Grant number: 07/04230-0
Support type:Scholarships in Brazil - Post-Doctorate
Effective date (Start): December 01, 2007
Effective date (End): November 30, 2009
Field of knowledge:Physical Sciences and Mathematics - Chemistry - Physical-Chemistry
Principal Investigator:Munir Salomao Skaf
Grantee:Anders Olov Hansson
Home Institution: Instituto de Química (IQ). Universidade Estadual de Campinas (UNICAMP). Campinas , SP, Brazil

Abstract

Nuclear hormone receptors form an important family of trascription factors. They are DNA-binding proteins, and are regulated by the binding of hormones (Estrogen, Thyroid Hormone, Retinoic Acid, among others).
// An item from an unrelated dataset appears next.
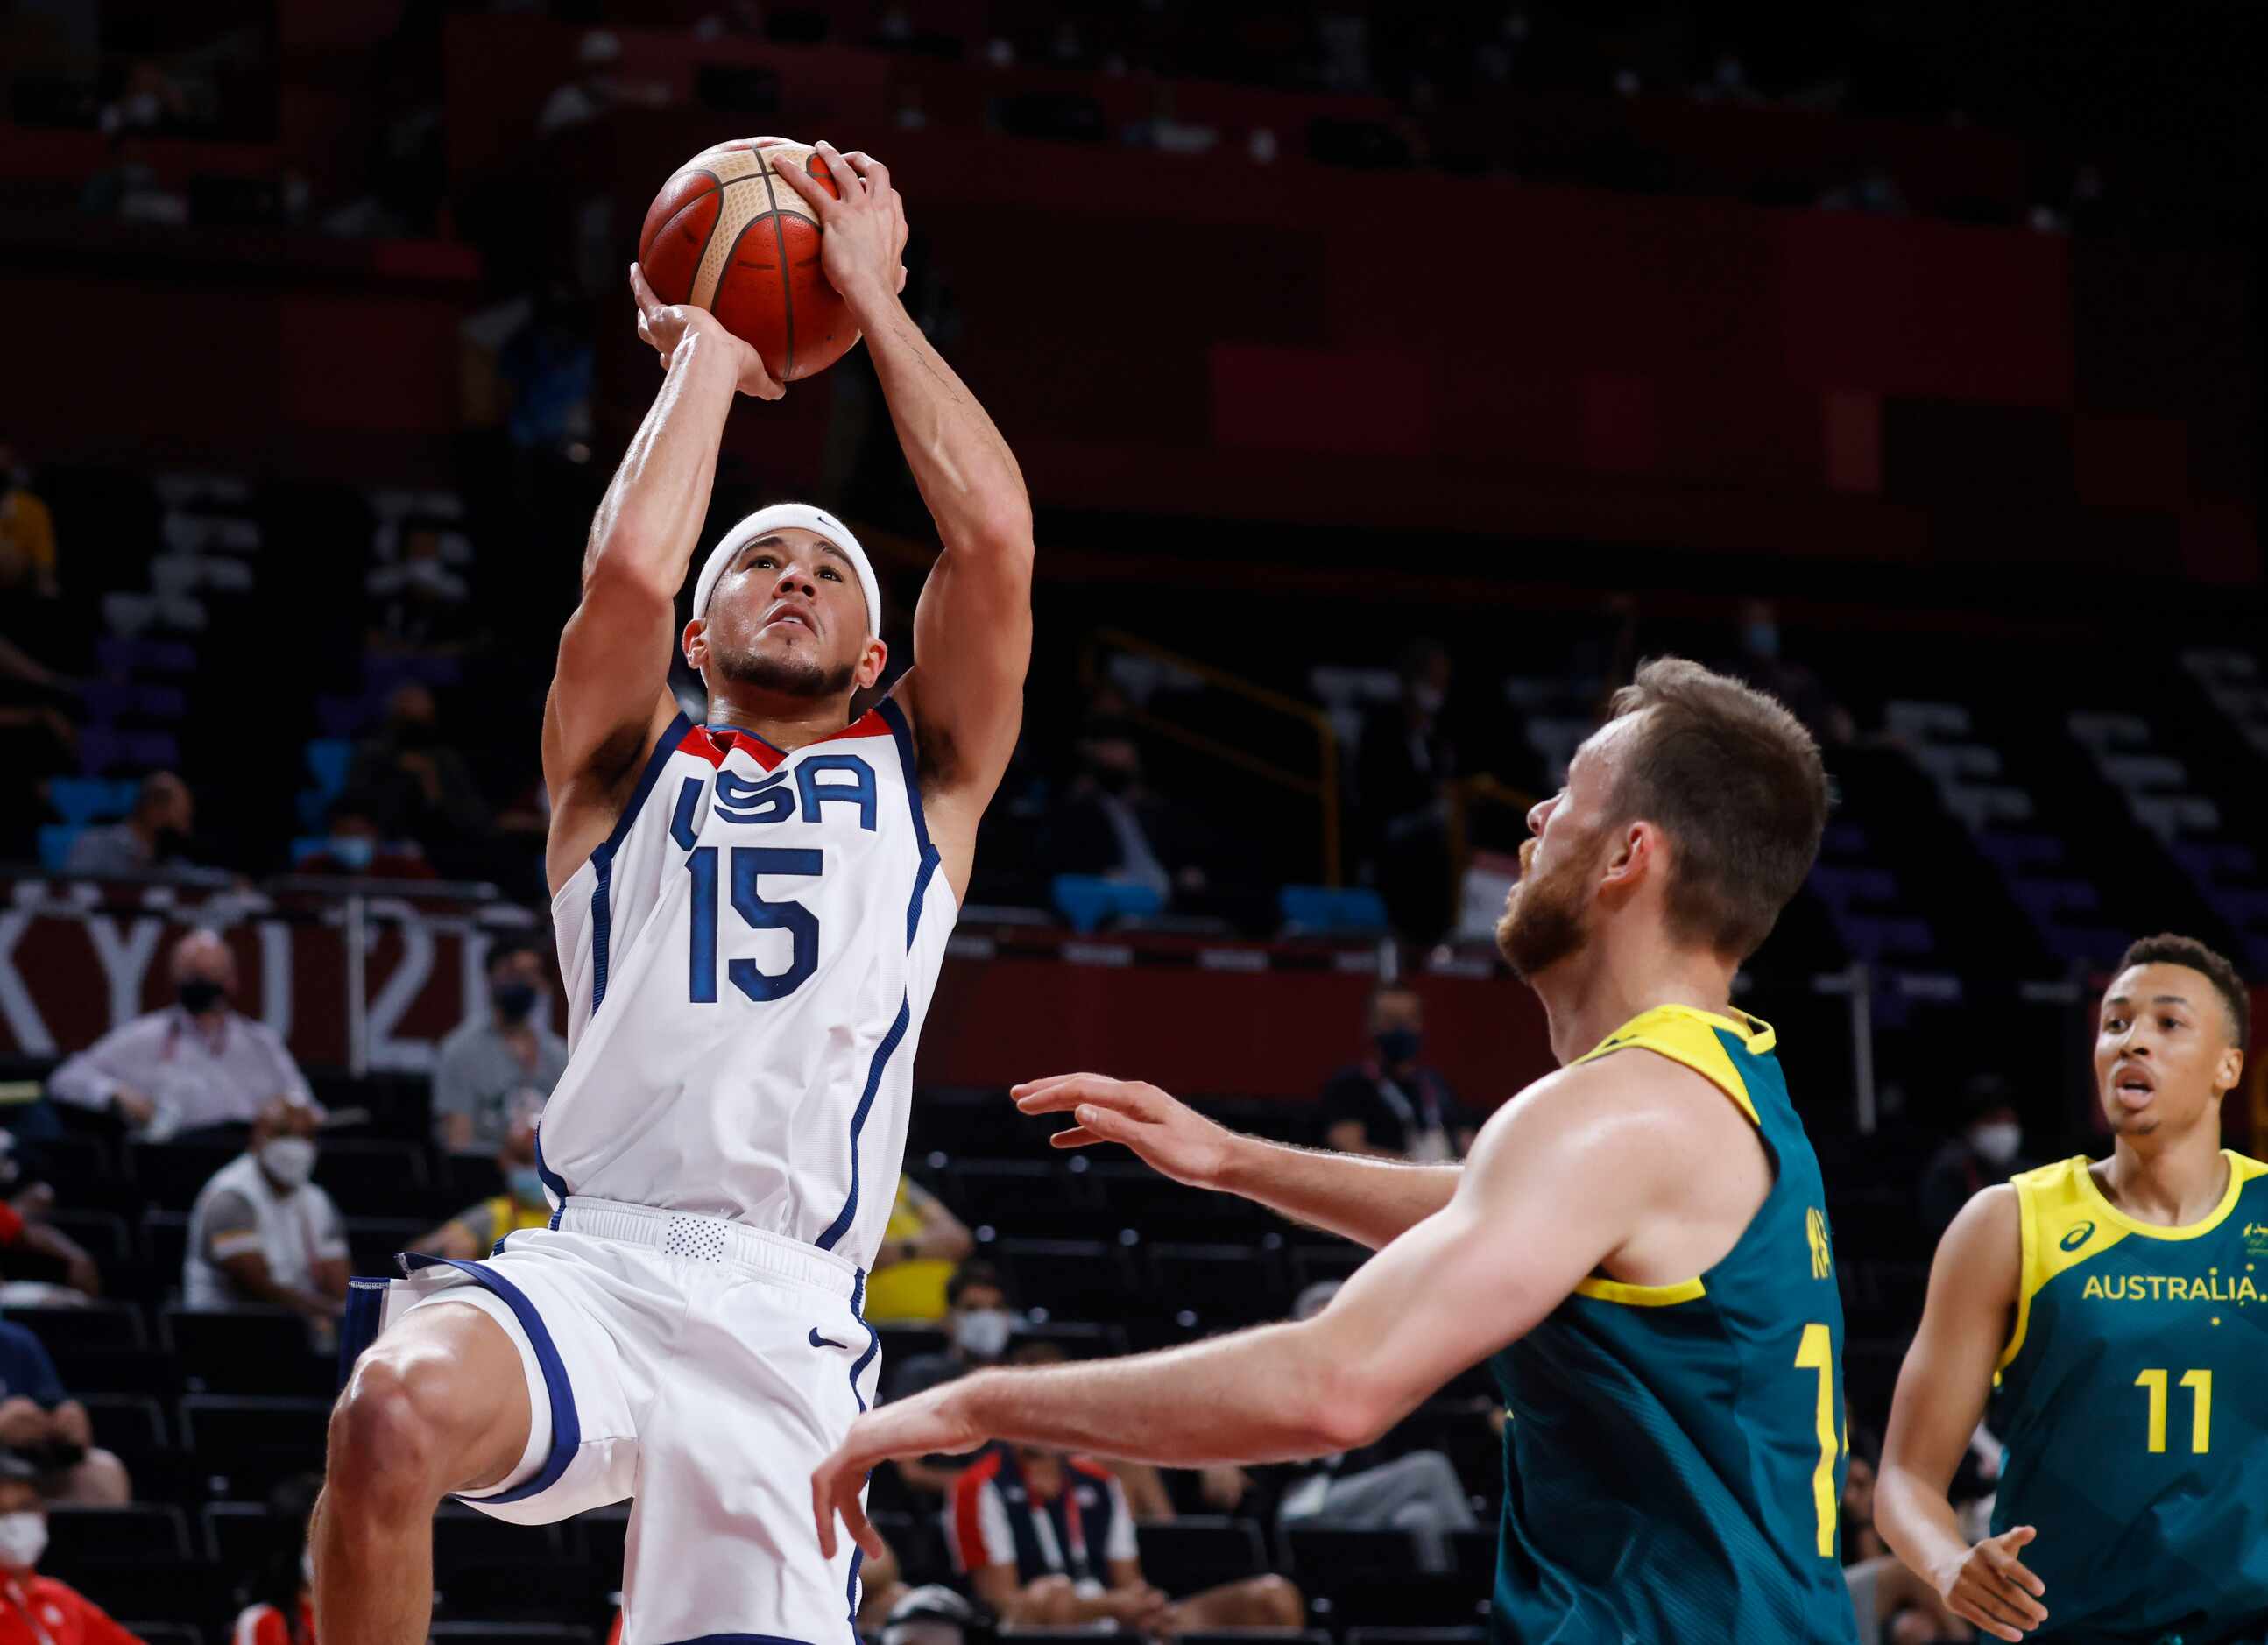 USA’s Devin Booker attempts a shot in front of 
Australia’s Nic Kay (15) during the first...

The specific binding to DNA and regulated hormone binding determine whether a gene will be transcripted or repressed. Since 1995 several three-dimensional structures of the LBD of nuclear receptors were obtained, allowing for important advances in the comprehension of the molecular biology of hormone recognition. However, in spite of the fact that new structures were obtained for different receptors, the role of the dynamics of the receptors remained fundamentally unknown.In this project we propose the study of the dynamics of nuclear hormone receptors and their role in the biological function of these proteins using Molecular Dynamics simulations. The Skaf group has obtained results that associate the dynamics of the receptors to their function in various different areas, such as hormone binding and dissociation, ligand selectivity and denaturation mechanisms, for example.The use of new techniques for expanding these results may complement our studies in a important way, leading to one of the most comprehensive set of data on the dynamics of nuclear hormone receptors. Three main new areas of research are proposed in the present project:1. Analysis of the interactions between PPARg and natural and synthetic ligands.2. Investigation of likely ligand dissociation pathways from PPARg.3. Evaluation of the relative importance of putative dissociation pathways and detailed ligand release molecular mechanisms.